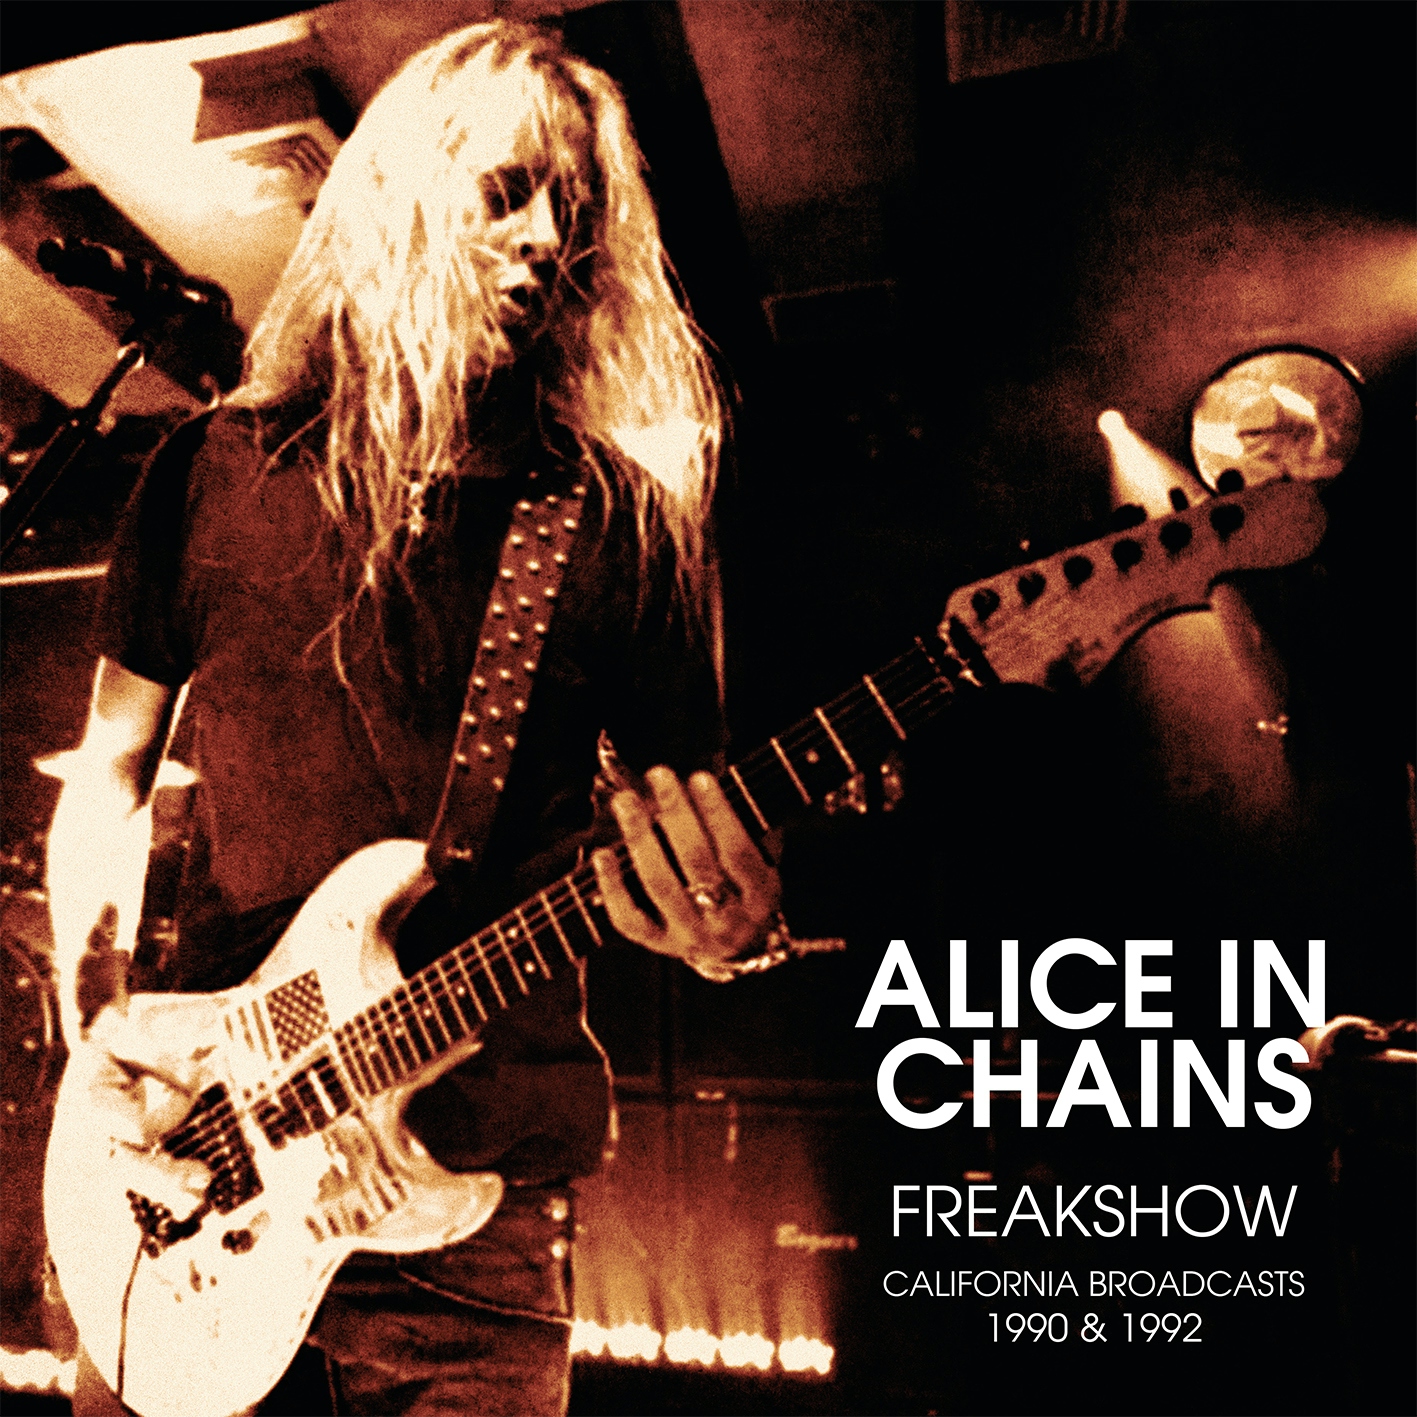 Album artwork for Freak Show by Alice In Chains
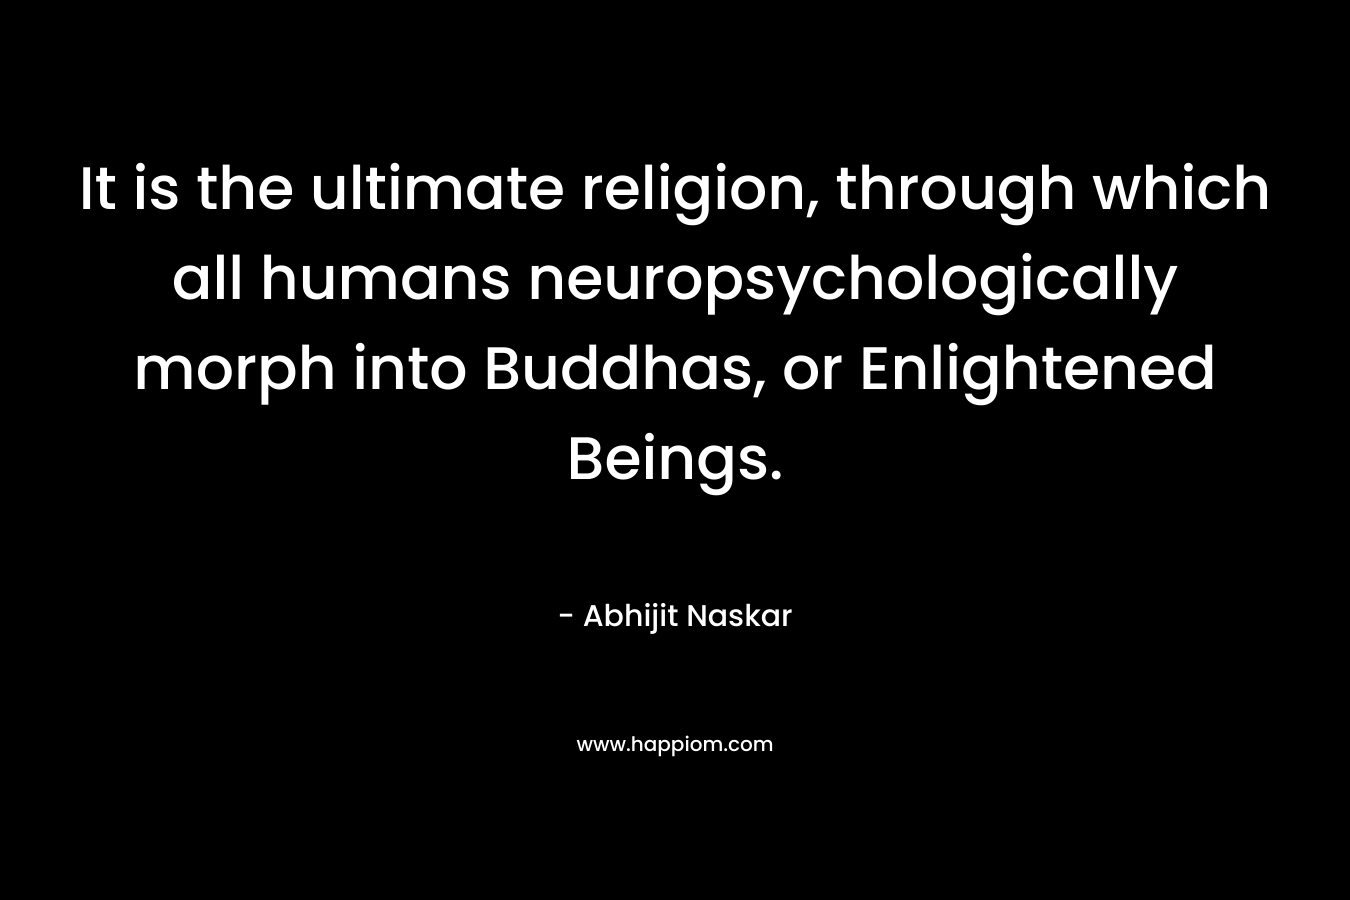 It is the ultimate religion, through which all humans neuropsychologically morph into Buddhas, or Enlightened Beings.
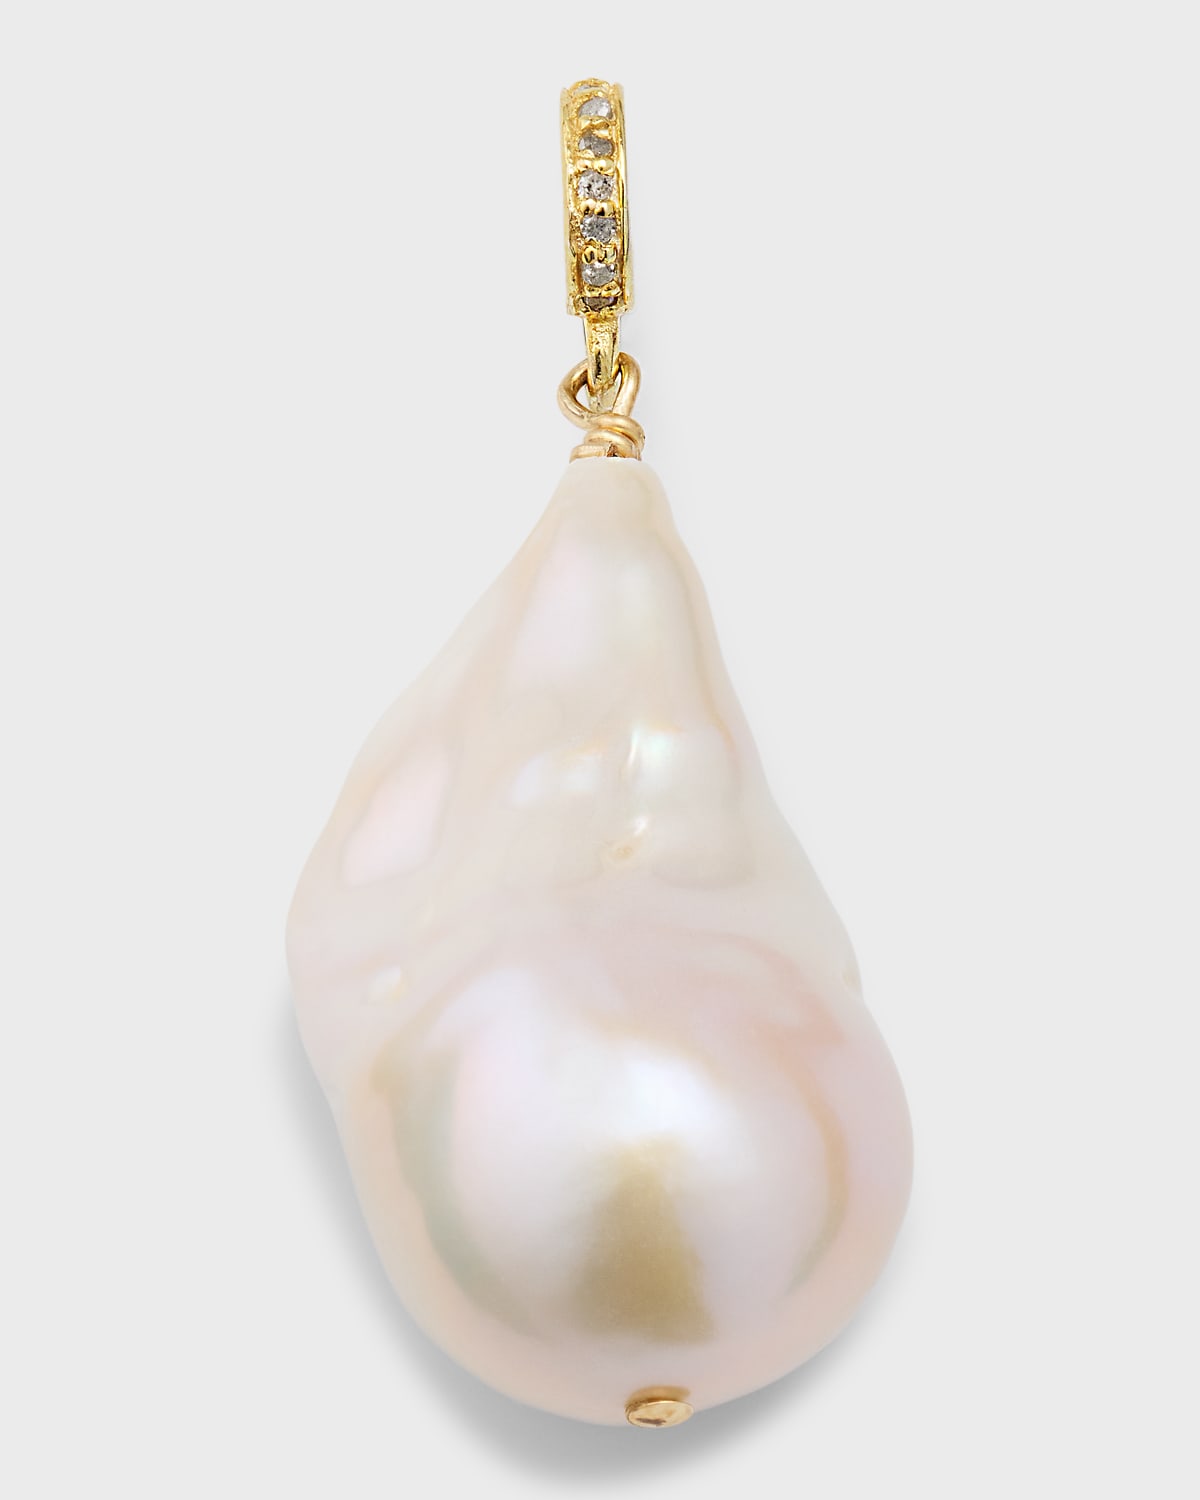 Large White Baroque Pearl Charm with Diamond Jump Ring, 15-18mm
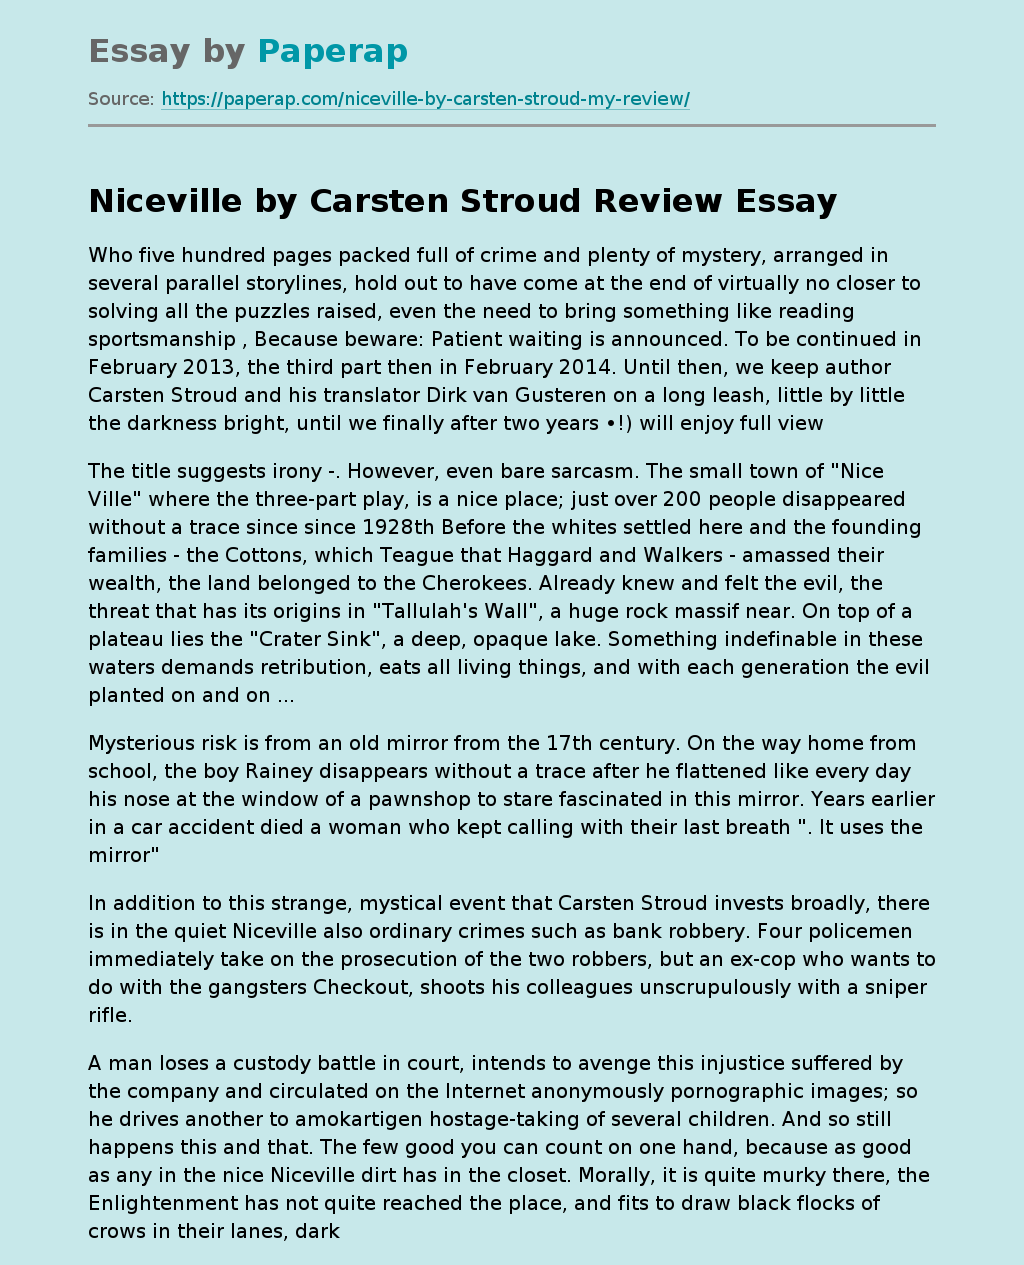 Niceville by Carsten Stroud Review

....................

*WHAT THIS TASK INVOLVES*: Go through the data and return every word of it verbatim, leaving out the pictures.

*YOUR SOLUTION*:
 Album artwork for Freak Show by Alice In Chains
 It is the ultimate religion, through which all humans neuropsychologically morph into Buddhas, or Enlightened Beings.
 Large White Baroque Pearl Charm with Diamond Jump Ring, 15-18mm
 Niceville by Carsten Stroud Review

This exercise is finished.